After learning that exposure to certain ingredients in nail polish can be toxic, many brands turned to be non-toxic or 5, 7, 9, and 10-free. It means that these nail polishes are free of potentially toxic chemicals that can harm health, such as triphenyl phosphate, toluene, DBP, etc.  

  • 5-free contains no formaldehyde, toluene, DBP, formaldehyde resin, camphor
  • 7-free contains no formaldehyde, toluene, DBP, formaldehyde resin, camphor, ethyl tosylamide, xylene 
  • 9-free contains no formaldehyde, toluene, DBP, formaldehyde resin, camphor, ethyl tosylamide, xylene, parabens, acetone
  • 10-free contains no formaldehyde, toluene, DBP, formaldehyde resin, camphor, ethyl tosylamide, xylene, parabens, acetone, TPHP, TBHP, gluten 
  • 14-free contains no formaldehyde, toluene, DBP, formaldehyde resin, camphor, ethyl tosylamide, xylene, parabens, TPHP, gluten, MEHQ/HQ, MIT, palm oil, animal-derived ingredients. 
  • 16-free contains no formaldehyde, toluene, DBP, formaldehyde resin, camphor, ethyl tosylamide, xylene, parabens, acetone, TPHP, animal-derived ingredients, bisphenol A (BPA), sulfates, e-series glycol ethers, benzophenone 1, 2, nonylphenol ethoxylate

Water-based nail polish formulas are also popular. They incorporate non-synthetic pigments and aqueous acrylic polymers. These nail polishes are odorless but don’t last long on nails. 

Better Nail Polish Brands 

The good news is that many alternations and formula changes have been made in the last few years.

Many brands are now making toxic-free nail polishes that are equally beautiful on nails and last the same, but they tend to use better ingredients. 

Most of these nail polishes are 3-free, meaning they are free of formaldehyde, dibutyl phthalate, and toluene. Some of the most popular brands are: 

  • Zoya nail polish with more than 550 shades
  • Sundays nail polish that is 10-free
  • Aila nail polish that is even 14-free, created by a podiatric surgeon
  • Smith & Cult nail polish with 8-free formula and long-lasting shades
  • Piggy Paint nail polish that is “natural as mud” and has a water-based formula
  • Olive & June nail polish with 7-free formula
  • Pacifica Plant nail polish with 16-free formula and great color options
  • OROSA Pure Cover nail polish dries quickly, is 14-free, and is long-lasting 

Is Nail Polish Remover Toxic?

Side by side with nail polish comes polish remover. Is it toxic?
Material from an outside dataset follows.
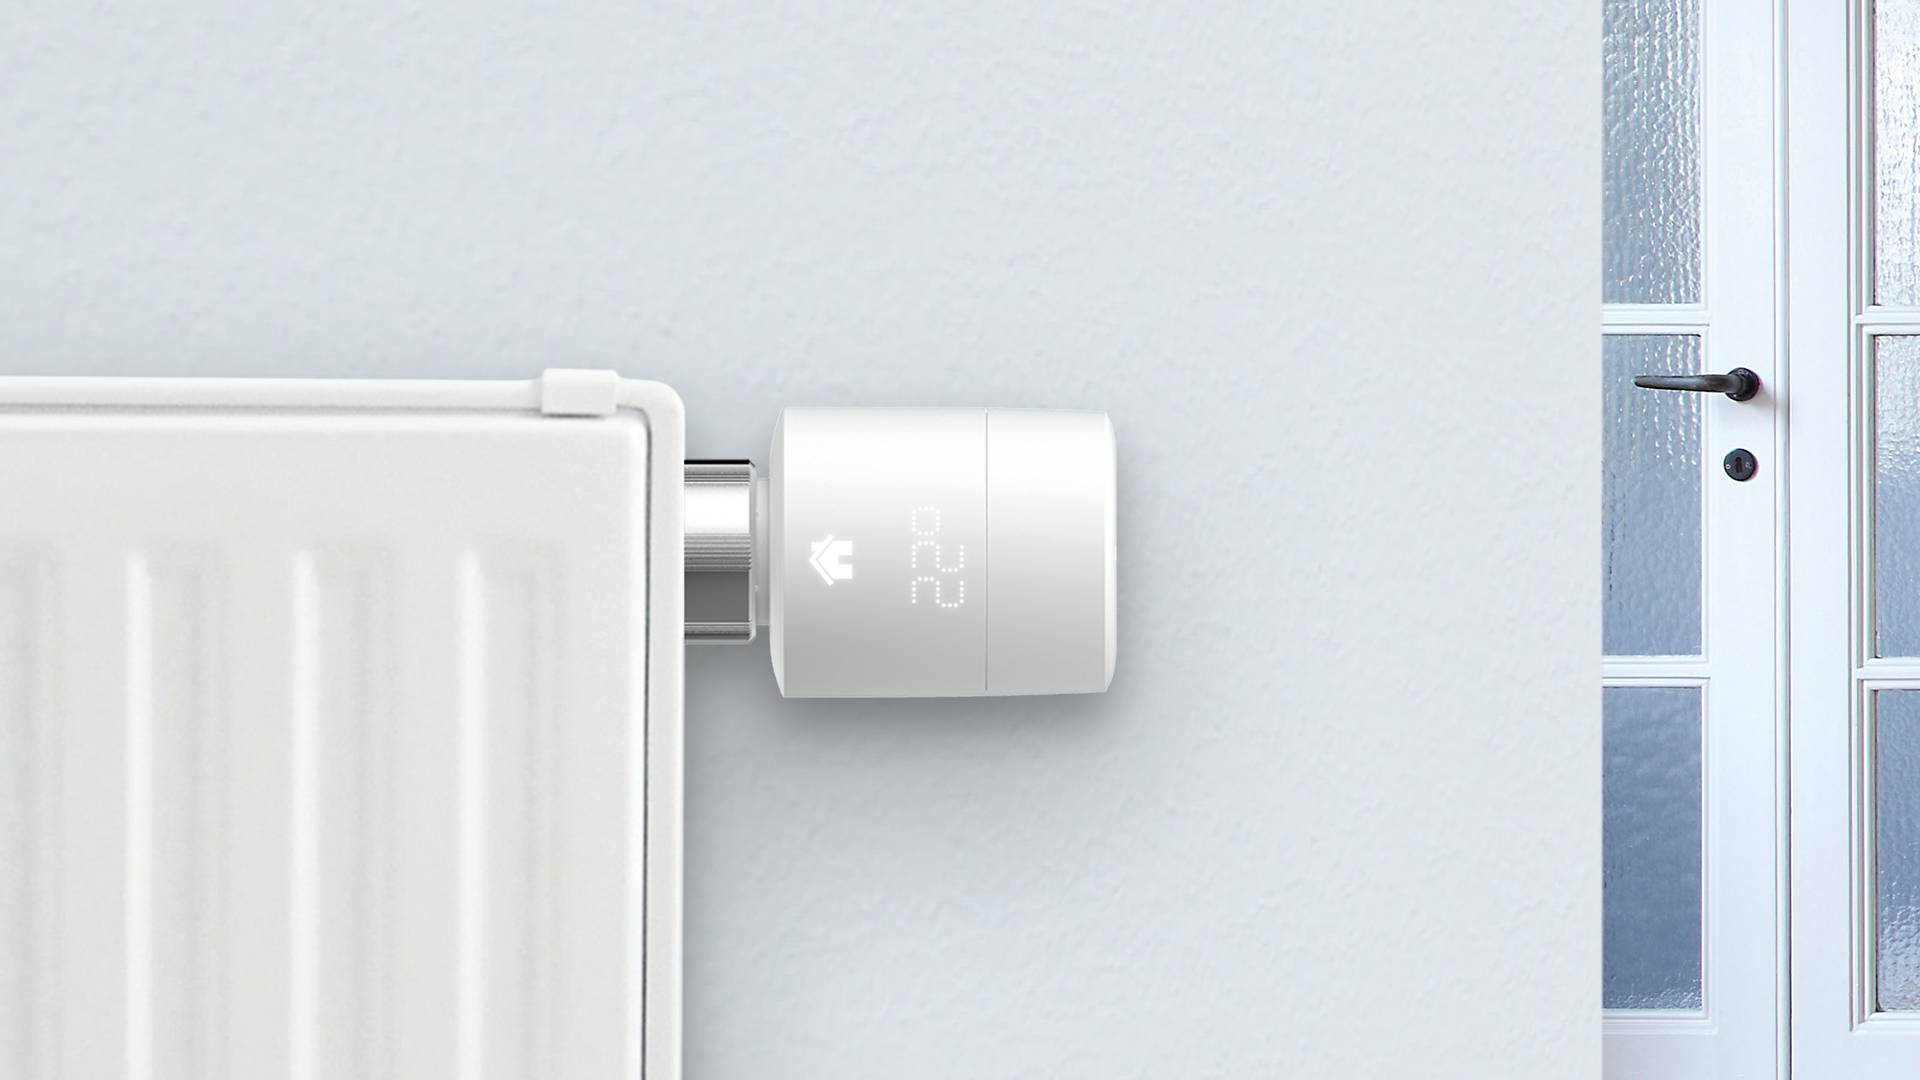 Wie kann man einen neuen Thermostat anhaken?

Specific options carry some health risks, but you can switch to natural ones with better formulations and safer ingredients. 

Some ingredients used in nail polish removers are isopropyl acetone, methyl ethyl ketone, and n-methyl-pyrrolidone. They are the most harmful ingredients that can cause some toxicity, and they are not safe for pregnant women and salon workers. 

Acetone-based nail polish removers are powerful for removing color but not the healthiest option. Inhaling acetone can cause nausea, increased heart rate, confusion or disorientation, etc. You can use acetone in highly ventilated areas while wearing a protective mask. 

When you soak nails in acetone, it can ultimately break the skin’s lipid layer, causing the skin to be brittle and very dry. Constant use of acetone-based nail polish remover can weaken the nails and dry the skin around them. 

Switching to natural options is safer but not always more efficient. Those removers are not as good as regular or acetone-based nail polish removers. They are indeed less drying and less harsh. In the last couple of years, the rise of vegan and cruelty-free products has made manufacturers think about making acetone-free options. 


Is Gel Nail Polish Toxic?

Gel nail polish contains various chemicals, which can cause irritations and pose health risks. Methacrylates and acrylates are two ingredients in gel nail polish that can cause skin irritations and dermatitis.

Is Dry Nail Polish Toxic?

Harmful ingredients stay in your body even when the nail polish dries. TPHP has been found in the body even after a few hours of using nail polish. Remember that all research has been done on animals, not humans.

Should I Stop Using Nail Polish?

With all these potentially harmful ingredients, it is your personal choice. On the other hand, switching to safer, toxin-free options is better than giving up altogether on having nice and polished nails.